Export Orders Plunge to Pandemic Lows

April survey data from China’s National Bureau of Statistics revealed that new export orders slid to their weakest level since late 2022, underscoring the toll of steep U.S. tariffs on key industries. Factory managers reported falling demand abroad, driving the export-orders subindex down sharply—mirroring similar drops during the Covid-19 downturn.

  • New export orders at their lowest since December 2022

  • PMI fell to 49.0, the first contraction in over a year

  • Manufacturing activity weakest since late 2022

Tariff Impact Versus Sentiment Effects

While higher duties on Chinese goods have unquestionably pressured order books, analysts at Capital Economics caution that negative sentiment may exaggerate the apparent weakness. Still, the feedback loop is clear: weaker external demand feeds into factory slowdowns, prompting companies to pare back production and inventories.

“Although fiscal support is picking up, it won’t fully offset the drag,” noted economist Zichun Huang, forecasting just 3.5% GDP growth for China this year.

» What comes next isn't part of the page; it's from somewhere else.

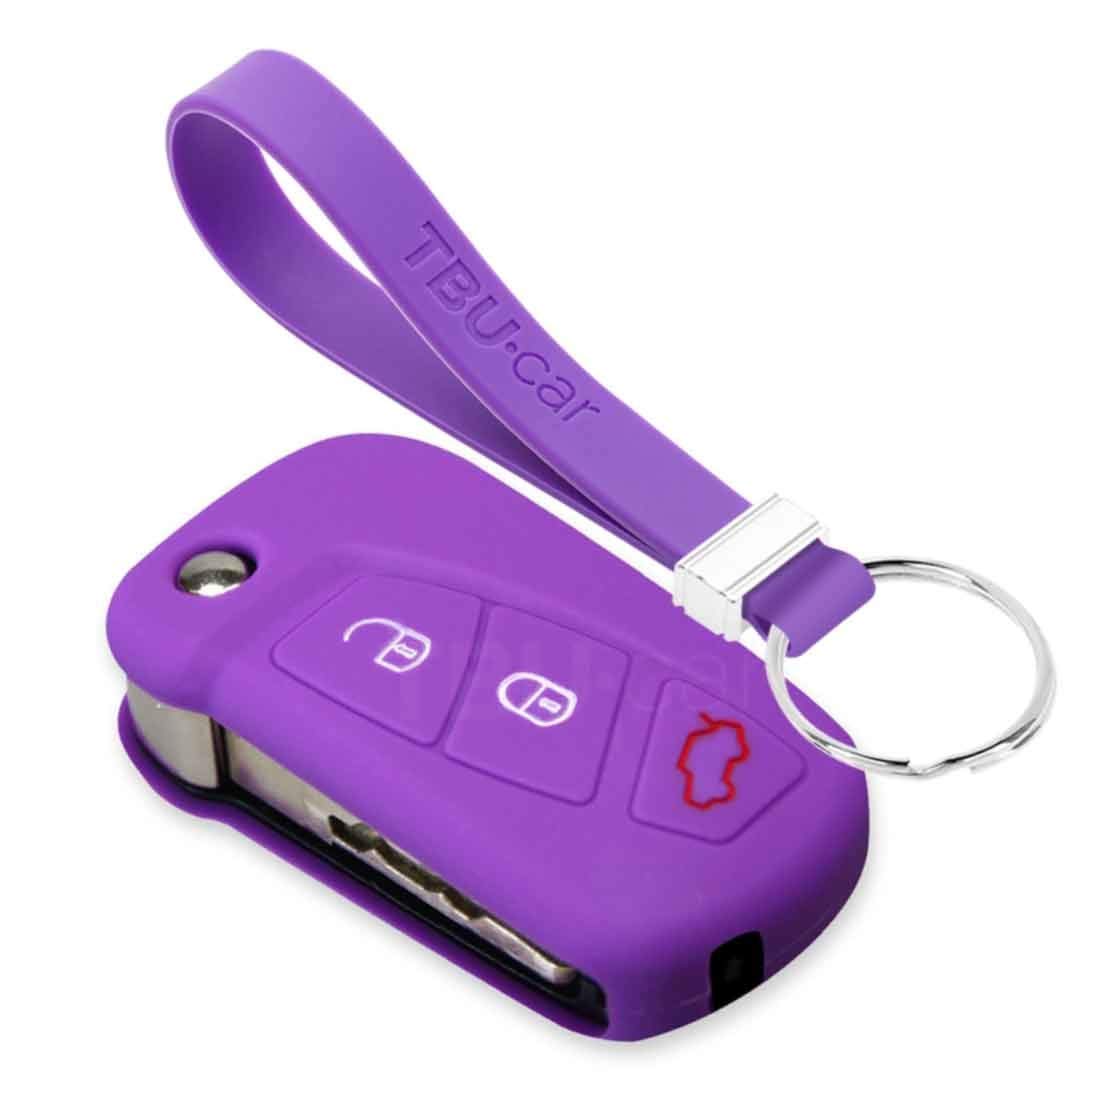 TBU car Autoschlüssel Hülle kompatibel mit Ford 3 Tasten (KA) - Schutzhülle aus Silikon - Auto Schlüsselhülle Cover in Violett von TBU car

Policy Response and What to Watch

Beijing has stepped up stimulus pledges—ranging from infrastructure spending boosts to credit easing—but markets will be looking for concrete data on their impact. Investors can track upcoming stimulus-related releases and key economic indicators, including future PMI and trade figures, through the Economic Calendar API, ensuring they stay ahead of policy shifts.

Near-Term Risks

  • Continued U.S.-China tariff uncertainty

  • Slower global trade momentum

  • Fiscal stimulus execution lag

As external headwinds persist, watch for further stimulus measures and any breakthrough in U.S.–China negotiations to gauge whether China’s factories can rebound in the second half of the year.